This session invites papers on the role of techno-scientific promises in shaping the future trajectories, sociotechnical landscapes, territories, and ultimately entire societies in their efforts towards sustainability. The session also explores the roles the various promissory communities and their contestants in shaping the construction and consequences of such promises.
A techno-scientific promise can include relatively vague visions (“umbrella promises”) like those relating to broad energy transitions or to a generic technology category (e.g. wind energy, nanotechnology, or artificial intelligence), but also expectations concerning a specific technology design (e.g., a novel nuclear reactor design), its cost and likely deployment time, etc. Promises are not mere talk or discourse – they make things happen, by aligning actors, institutions, and capital; they guide activities, provide structure and legitimacy, help attract interest and foster investment (Borup et al. 2006; Joly 2010; van Lente 2012). Promises are collectively constructed, being institutionalised in, for example, policies, laws, regulation, and funding decisions. They are materialised in for instance R&D projects, prototypes, and commercial applications (Parandian et al. 2012). To be institutionalised and materialised, a promise needs to gain legitimacy by addressing a widely recognised societal problem, and credibility by demonstrating its practical viability (Joly 2010). The construction of promises typically entails controversies between promissory communities and their detractors, which thereby test the societal robustness of the promises, including their compatibility with society’s perceptions of the meaning and objectives of sustainability (Chateauraynaud 2011).
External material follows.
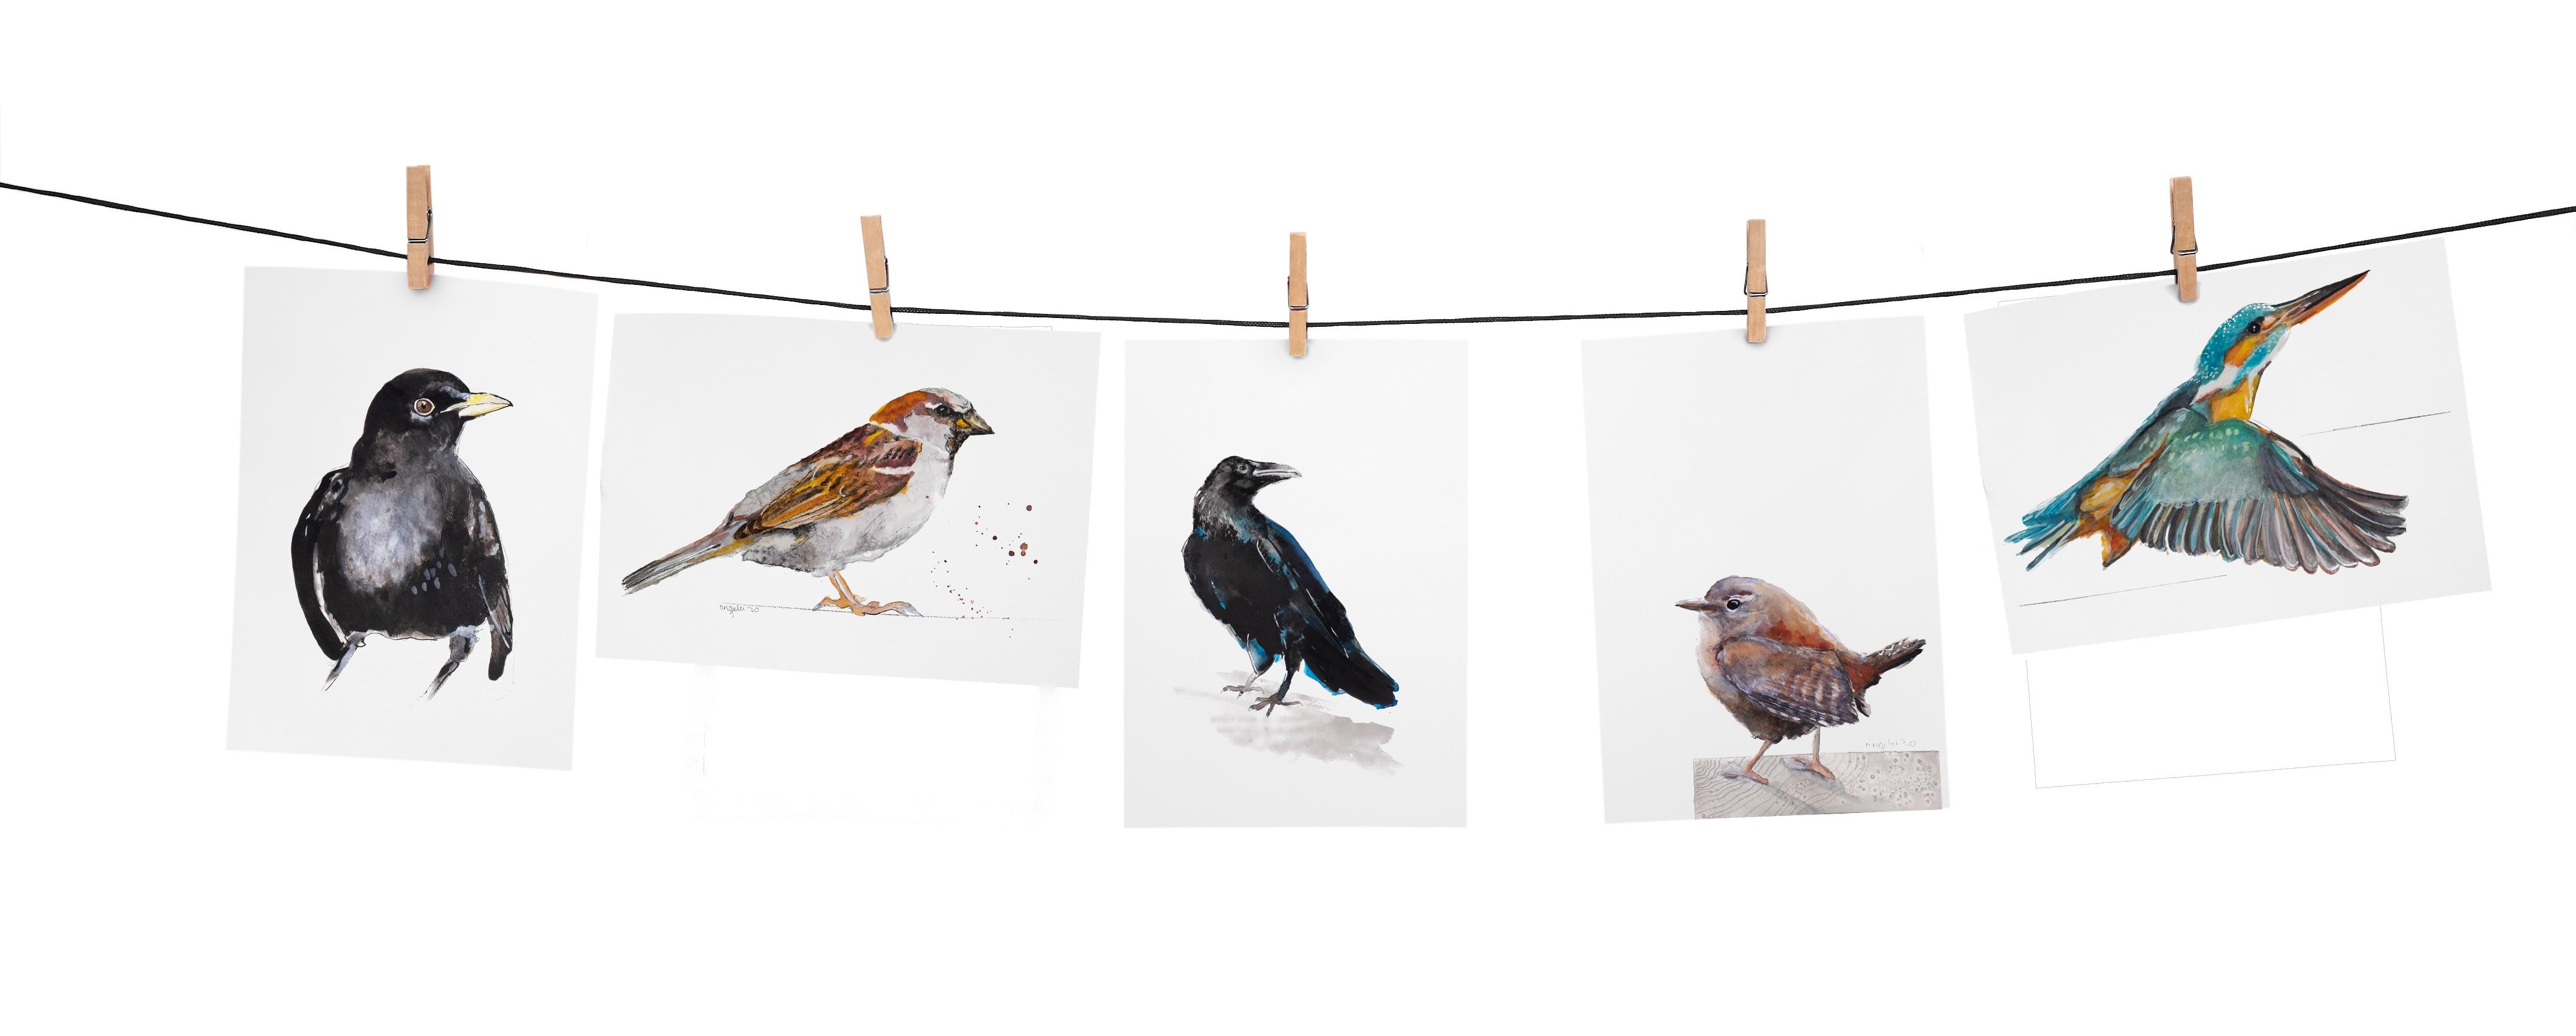 Vogel wenskaarten set 15 natuurlijk Angelart, angela Peters galerie Hattem

Papers in this session can include theoretical or empirical analyses of techno-scientific promising on topics such as (not an exclusive list):
•The interaction of discourse, institutions, and material artefacts in the construction of promises
•The creation, shaping, maintenance and policy role of the various promissory communities, including epistemic communities, networks congregated around “promise entrepreneurs”, ecomodernist and degrowth communities, etc.
•The spatial underpinnings and implications of promise-construction and community-creation (spatial limitations to promise-construction, impacts of promise-construction on the involved territories, at various spatial scales…)
•The role of public controversies: the dynamics between promise-construction and promise-deconstruction – between promissory communities and their contesters – in enhancing or undermining the societal robustness of promises
•Material, institutional implications (e.g. on the territories and communities designated to host R&D projects, prototypes and commercial projects) from promise-construction, including those from failed promises.